Self-discharge is a challenge for disease control and a relevant problem in the management of public health strategies, since interruption of the appropriate course of treatment can lead to a worsening of the patient’s health status, increased risk of readmissions and even death. Furthermore, it can result in greater community transmission of the disease, compromise the effectiveness of medications, and increase the risk of drug resistance. Although there are studies in the literature on dropout from tuberculosis treatment,7 there are no studies that investigate self-discharge of patients hospitalized due to tuberculosis. Therefore, this study aims to identify factors associated with hospital self-discharge among patients with tuberculosis.
METHODS
This is a retrospective cohort study carried out at Hospital Estadual Santa Maria with data from patients admitted between January 2011 and December 2018.
The hospital has 77 beds dedicated exclusively to the hospitalization of adult patients with tuberculosis, HIV co-infection, multidrug-resistant tuberculosis (MDR-TB), with an average of 200 hospitalizations per year. As it is a referral hospital, patients are referred there when diagnosed as having active tuberculosis. Of the two tuberculosis referral hospital units in the state of Rio de Janeiro, it is the only one located in the city of Rio de Janeiro (state capital), with an average of 200 hospitalizations per year during the study period. The state of Rio de Janeiro has high incidence of tuberculosis cases, with a rate of 70.7 cases per 100,000 inhabitants.10
The data were collected directly from medical records by two female public health physicians from the hospital’s Epidemiology Center, responsible for epidemiological surveillance of cases.

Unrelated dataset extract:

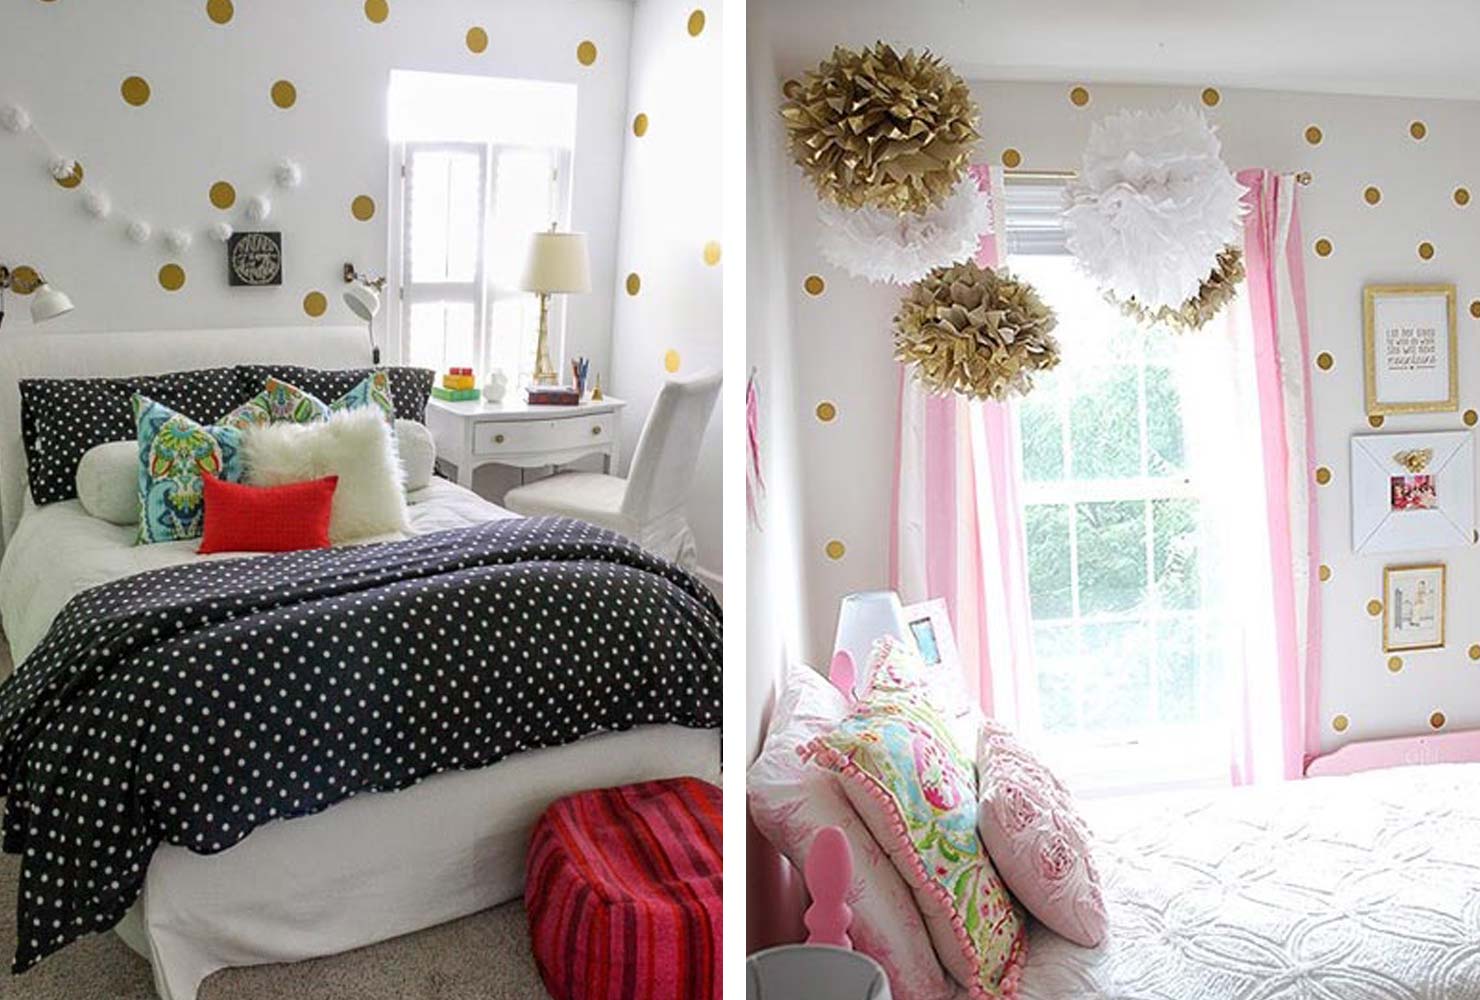 Gold Polka Dots On Girls Bedroom Wall - Lavender And Light Pink Rooms - HD Wallpaper

The reference population consisted of adult patients (≥ 18 years of age) hospitalized during the study period. All patients with confirmed diagnosis of tuberculosis were included, either by detection by direct test (Ziehl-Neelsen method), a positive culture result for Mycobacterium tuberculosis, or by the presence of clinical, epidemiological and radiographic findings compatible with tuberculosis, according to the location of the disease.
The outcomes were classified according to the type of discharge from hospital, in accordance with Ordinance No. 312, of April 30, 2002:9 self-discharge – patient leaving hospital without medical authorization and without informing the sector in which they were hospitalized; formal discharge – medical act that determines the end of hospital stay, which can be either when the patient is cured or has improved; death – occurring after admission to hospital, having tuberculosis as one of the causes of death.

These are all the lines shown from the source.